豊島清光館(としまきよみつ)
 別称  : 豊島氏館、豊島清元館
 分類  : 平城
 築城者: 豊島清光(清元)
 遺構  : なし
 交通  : 地下鉄南北線王子神谷駅徒歩10分


       <沿革>
           豊島氏は坂東八平氏の1つ秩父氏の庶流で、秩父将常の次男武常が治安三年(1023)に武蔵国
          豊島郡に所領を得たことにはじまるといわれる。清光は武常から数えて4代目とされるが、清光前後
          の豊島氏の家系図にはかなりの混乱がみられるため、詳細は不明である。清光の諱についても、
          「清元」であったことが近年の研究から指摘されている。
           また、清光の館がそれ以前からの豊島氏の館の継続使用であることは想像に難くないため、実際
          には「豊島氏館」あるいは「豊島清元館」とするのが正確と思われるるが、ここでは一般的な『日本
          城郭大系』の表記に従い「豊島清光館」とする。
           清光は、治承四年(1180)に挙兵した源頼朝に早くから従い、平氏討伐や奥州藤原氏攻めなどで
          活躍した。
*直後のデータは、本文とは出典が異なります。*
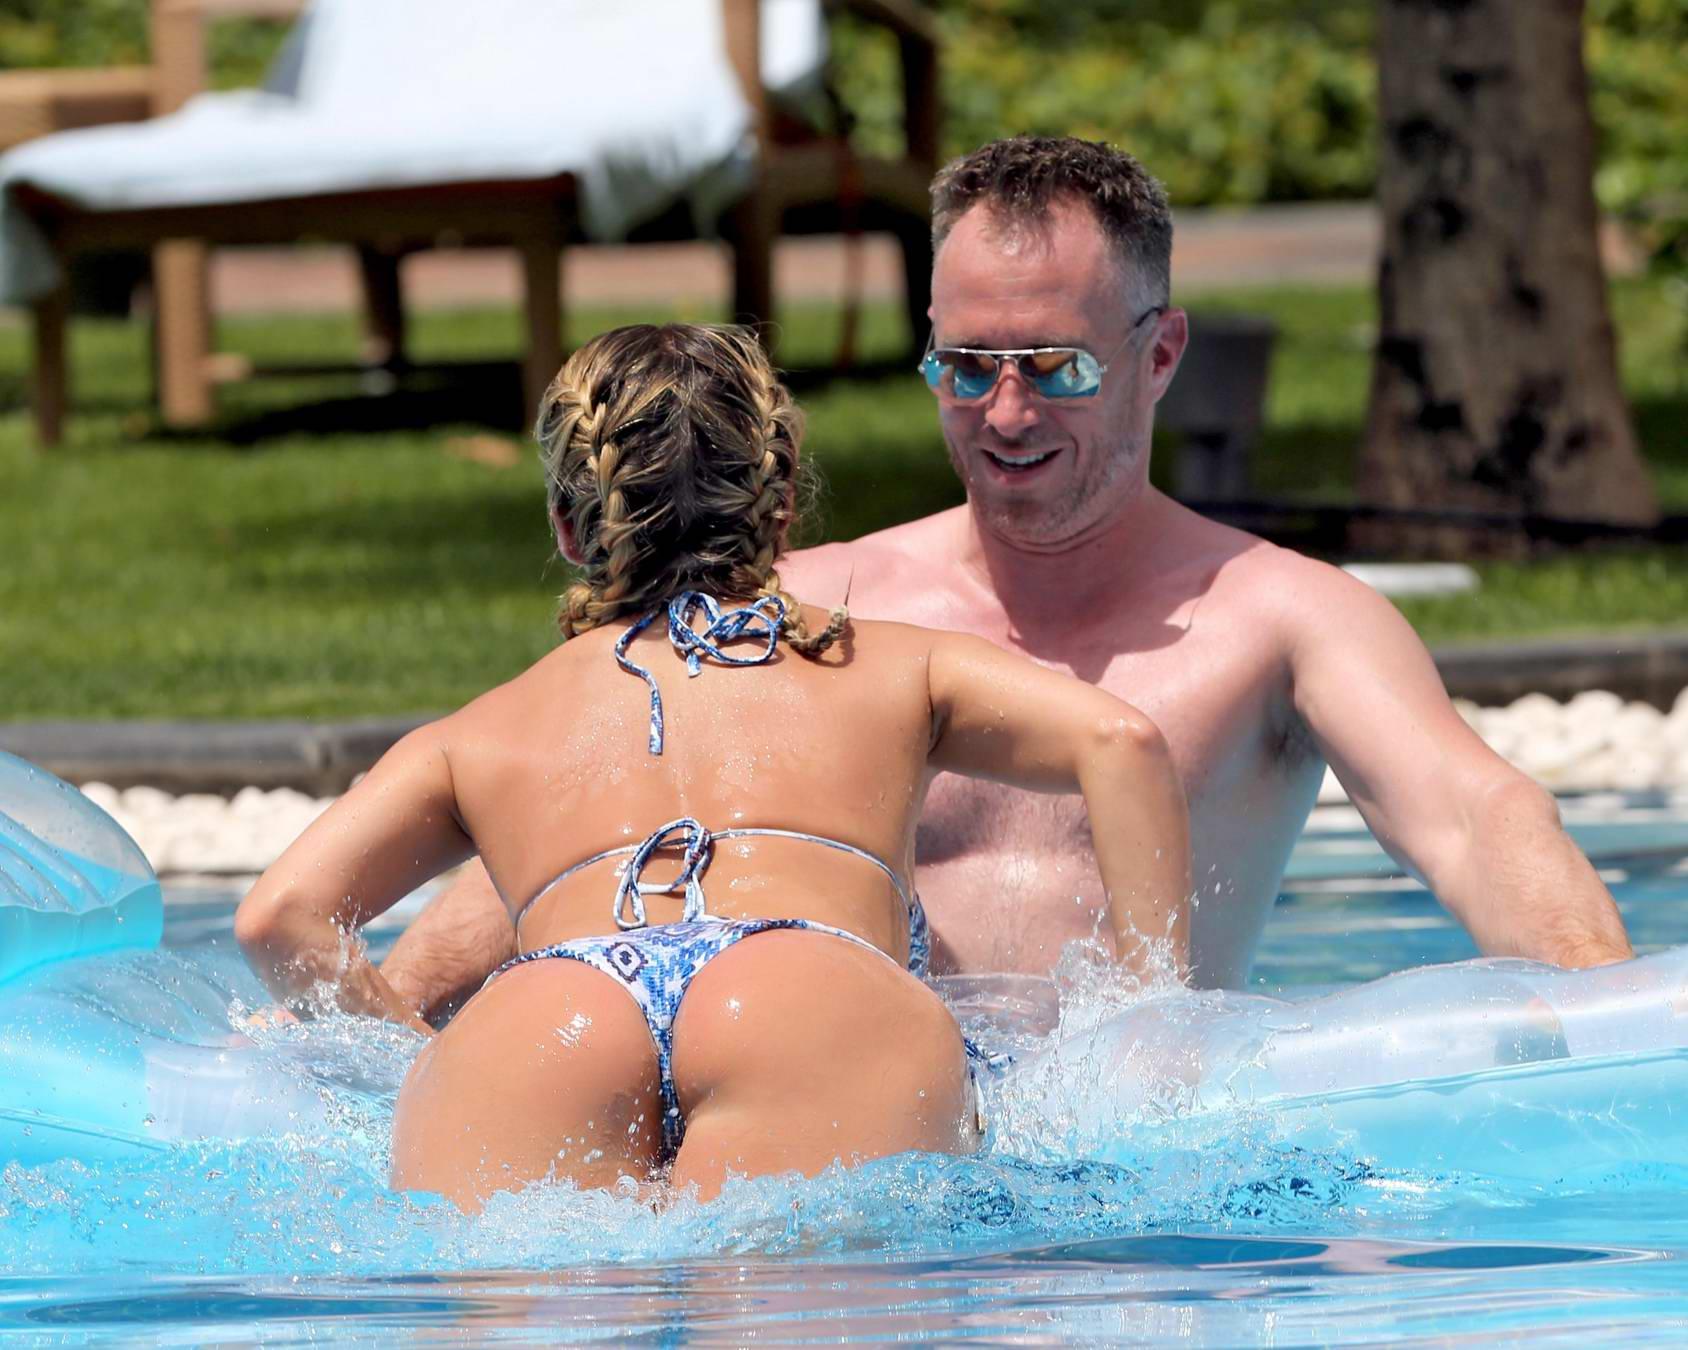 Alexandra Vittek Topless Nude Photo Collection - 7 Photos advise

その後、鎌倉時代に豊島氏の本拠は平塚城、次いで石神井城へと移り、清光来の館は
          廃されたものと思われる。廃城については、戦国時代の平塚城や石神井城の落城と期を同じくする
          とする説もあるが、確かなことは不明である。


       <手記>
           隅田川(かつての入間川)の岸辺に建つ清光寺が、豊島清光の館跡といわれています。ただし、
          遺構は見つかっておらず、確定はしていません。清光の正しい諱が「清元」であったとすれば、清光
          寺という名称もかなり後になってつけられたものということになります。おそらくは、文明十年(1478)
          の平塚落城による豊島氏没落以降の再興ということでしょう。
           清光寺は、隅田川が大きく蛇行する手前の河岸にあり、鎌倉時代前後の開発領主らしい選地と
          いえます。現在では、寺の入り口の縁起に館について触れられているのみです。


           


豊島氏館比定地(清光寺)。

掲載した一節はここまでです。